Tech

Hey Google!

What happened to my assistant?

Google Assistant is bugging out
Bronson Stamp / Sherwood

Google Assistant is bad now. But why?

They promised us flying cars, and all we got were mediocre virtual assistants that seem to be getting worse.

Recently I brought Google Assistant to its cognitive limits by asking it to tell jokes to my toddler.

Our Google Nest Hub Max got through three jokes before repeating the one where the left eye says to the right eye, “Between you and me, something stinks.” When I prompted it to tell us another, the same way I had previously, it said it didn’t understand. Another what? 

These days Google Assistant seems more and more confused.
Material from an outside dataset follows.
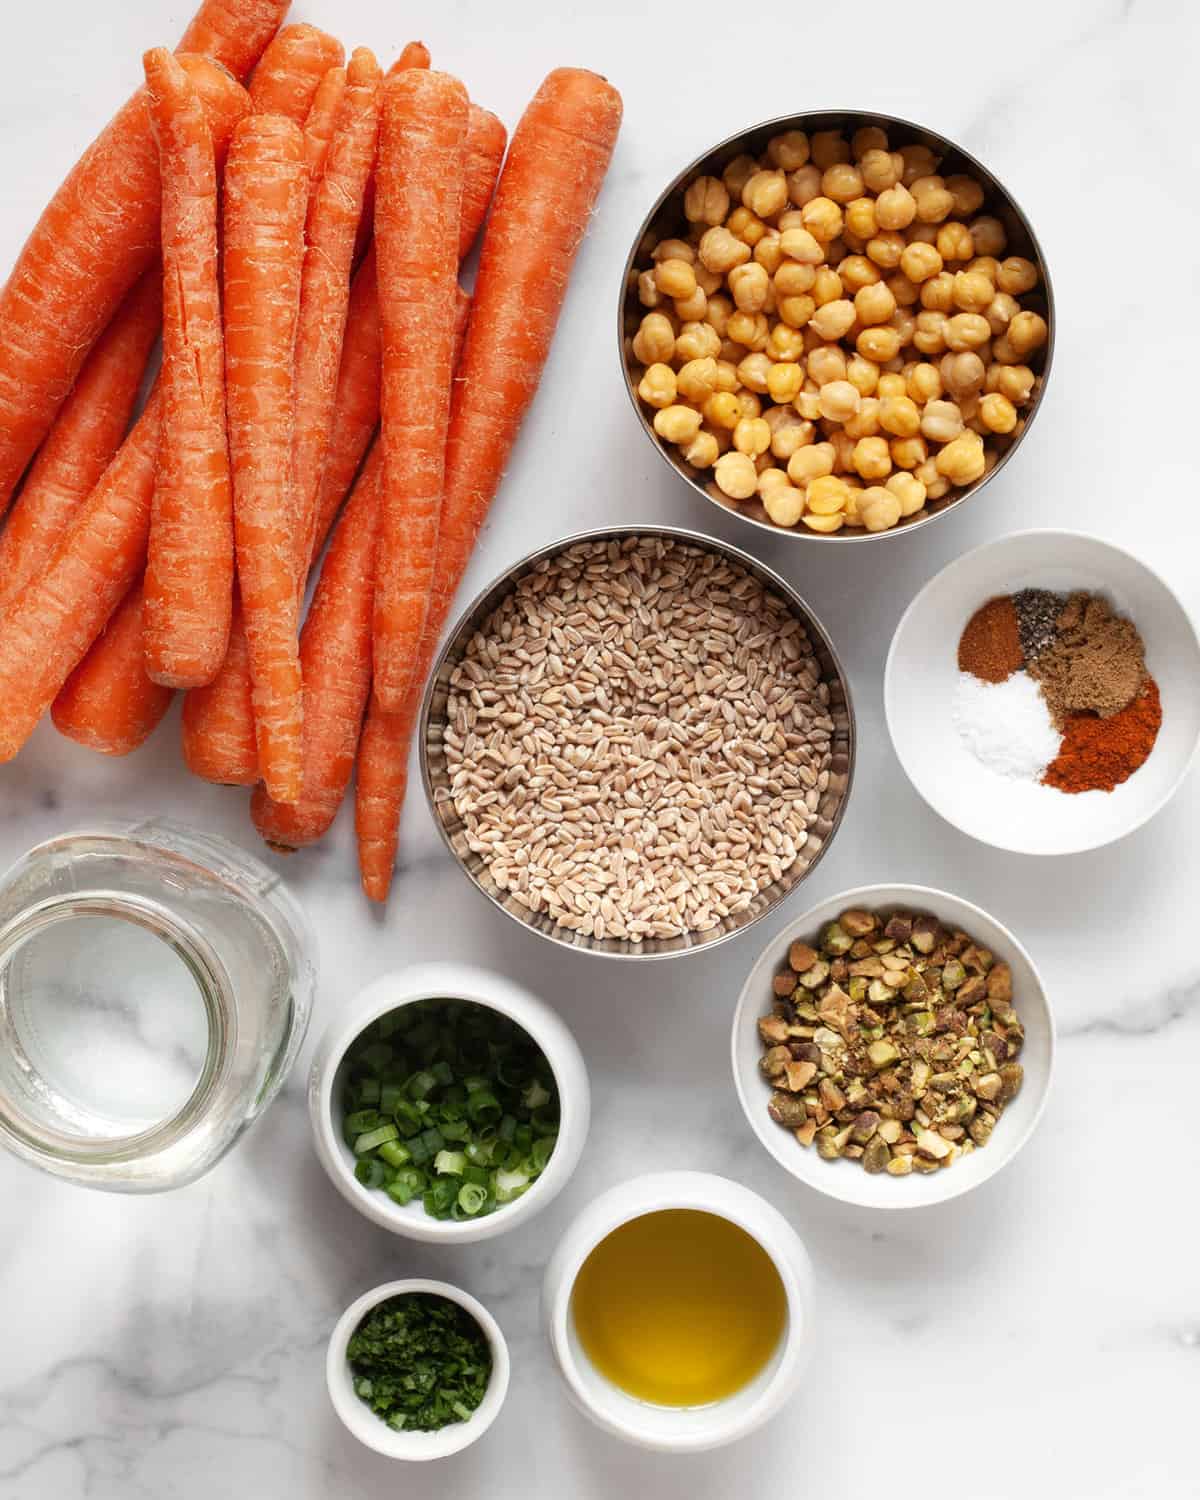 Ingredients including carrots, chickpeas, farro, scallions, parsley, pistachios, olive oil and spices.

I first adopted a number of smart-home devices in 2018, when Google (and Amazon and Apple) were hyping their voice assistants nonstop and it felt like every developer conference or trade show Google was a part of was meant to indoctrinate you into the ways of the Assistant

Back then, Google Assistant was pretty good and getting better. There was a high-water mark for Google’s virtual assistant, perhaps a year or two ago. I would ask and Google would do a decent job answering. Now I’d say one out of three times it gets it wrong.

It frequently gives me the weather for the wrong town, despite having my address in its settings. When I ask it to play music on both Google speakers, it only sometimes obliges. The same goes for the TV and lights. There’s a very specific kind of shame that comes from arguing with a smart assistant for five minutes before getting off the couch.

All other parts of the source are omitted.